Переполненный радостью, Базиль попятился от мрачного ложа. Но он не успел выйти из спальни — раздался тихий щелчок, и в стене, задрапированной китайским шёлком, отворилась потайная дверь. В комнате появилась вдовствующая королева Екатерина Медичи. В руке она держала тяжёлую связку ключей.
— Как вы здесь очутились? — спросила она у Базиля. — Я приказала никого не пускать к королю.
— Это я привела сюда маркиза де Бука, — отозвалась Мадлон.
— Зачем?
— Маркиз просил помиловать человека, приговорённого к смерти.
— За что он осуждён?
— Он написал книгу, которую сочли кощунственной.
— Ваше величество, — приблизилась Екатерина к кровати, — если человек написал кощунственную книгу, значит она направлена против бога и короля.
— Но я желаю, чтобы тот человек жил, — прошелестел Карл бесцветными губами. — Я обещал.
— Вы обязаны думать прежде всего о себе и о судьбе Франции.
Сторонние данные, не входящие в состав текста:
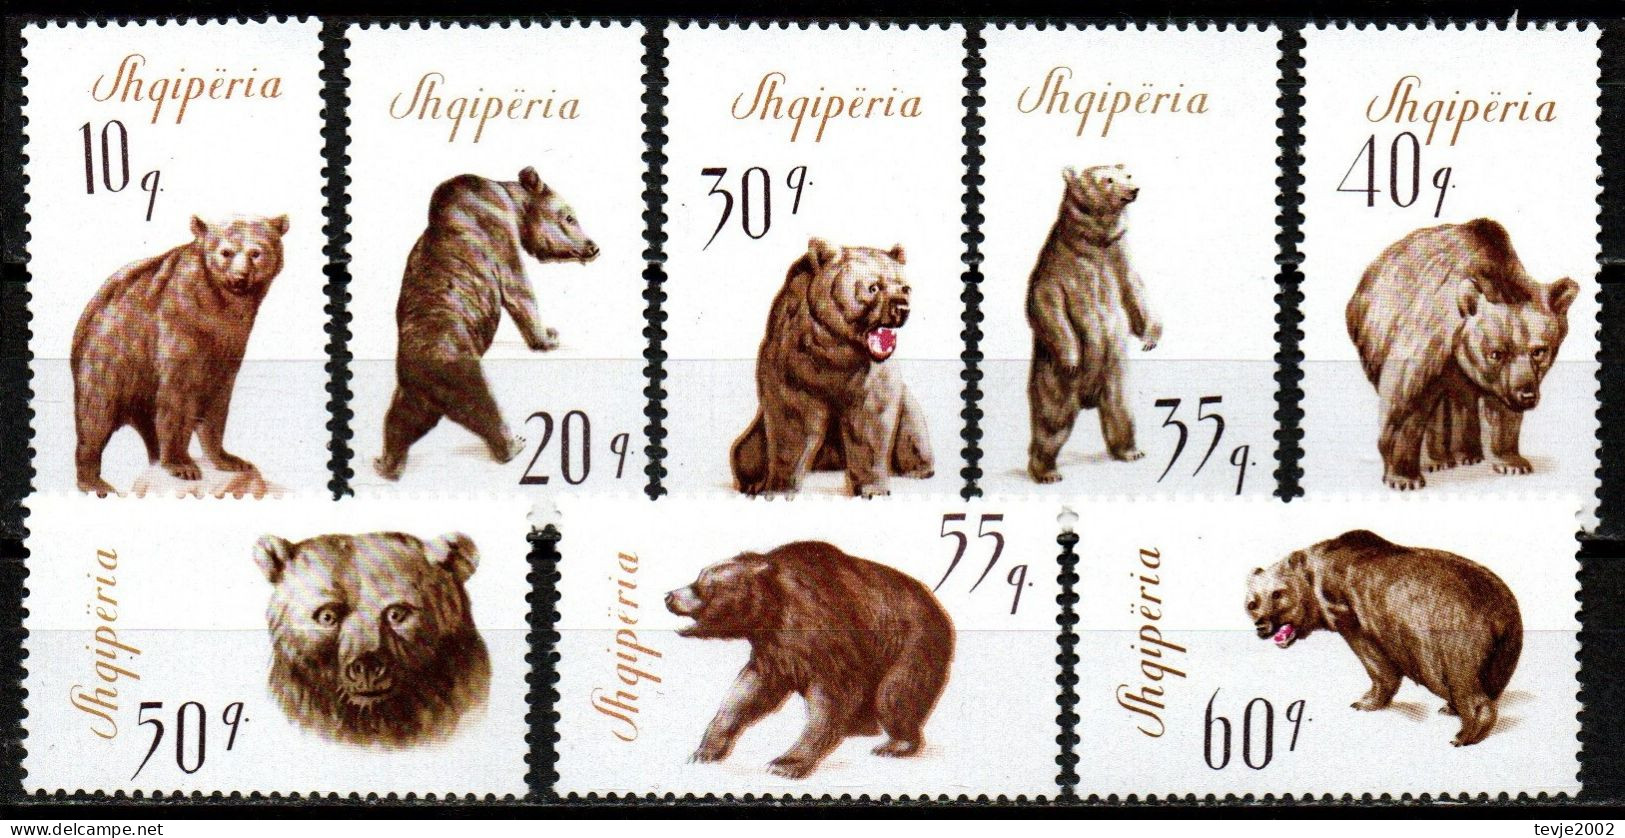 Albanien 1965 - Mi.Nr. 1010 - 1017 - Postfrisch MNH - Tiere Animals Bären Bears - Bären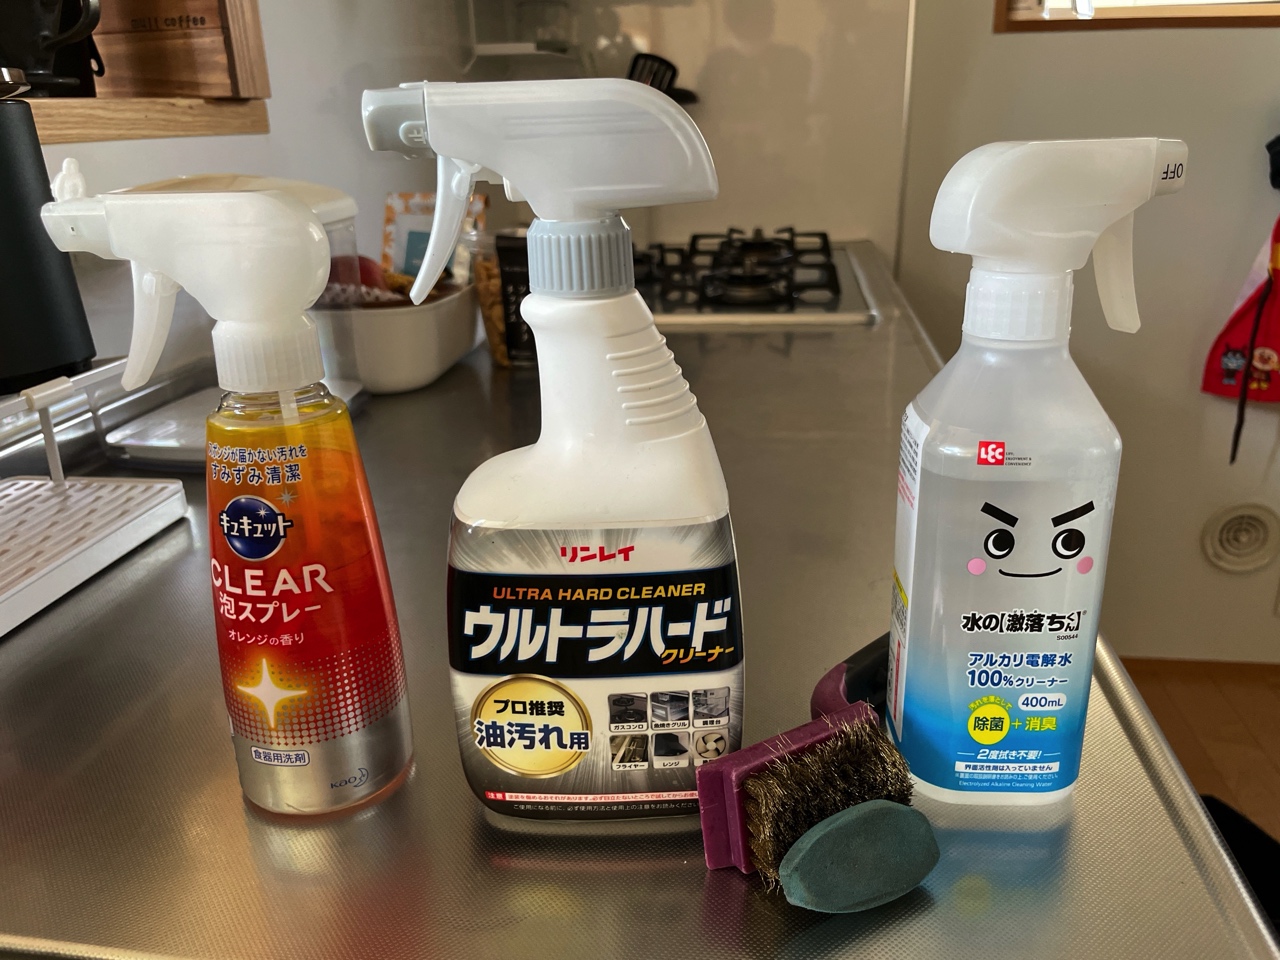 東京ガスの清掃員のプロが使用！ガスコンロの掃除道具5点【おすすめ】 | 無印良品の家のブログ ANNYの木の家

Скажите маркизу, что вы не можете выполнить его просьбу.
— Но я уже… — попытался воспротивиться Карл.
— Скажите маркизу то, что сказала я.
— Мне жаль, маркиз, — пробормотал король. — Я бы с удовольствием. Но я устал… простите меня…
ГЛАВА ДВАДЦАТЬ ШЕСТАЯЦена фамильного бриллианта
За бриллиант, который Базиль вновь принёс Раймону Ариньи, ростовщик пообещал сделать невозможное.
— Твой Жоффруа Валле обретёт свободу, — заверил он.
Раймон Ариньи сдержал слово. Он провёл операцию по спасению Жоффруа Валле быстро и чётко. Одиночная камера, где находился Жоффруа Валле, распахнула перед ними двери.
— Ты свободен, — сказал Базиль. — Мы пришли за тобой. Скорее.
…Легко понять чувства приговорённого к смерти. Когда в замке поворачивается ключ и скрипят несмазанные петли — кто может идти к осуждённому? Естественно, палач или священник.
И вот заскрипела дверь. Распахнулась. И на пороге показался… Базиль Пьер Ксавье Флоко.
— Скорее, Жоффруа! Мы пришли за тобой.
Жоффруа не поверил. Он отступил перед видениями и упал лицом в соломенный матрац.
— Жоффруа! — кинулся к нему Базиль. — Это я — Базиль. Нам нельзя терять времени. Быстрее!
— Анжелика знает? — первое, что спросил Жоффруа, начиная верить в реальность происходящего.
— Я боялся преждевременно обрадовать её, — ответил Базиль.
— Помочь вам собраться? — предложил Раймон.
— Что мне собирать? — улыбнулся Жоффруа. — Какие у меня вещи!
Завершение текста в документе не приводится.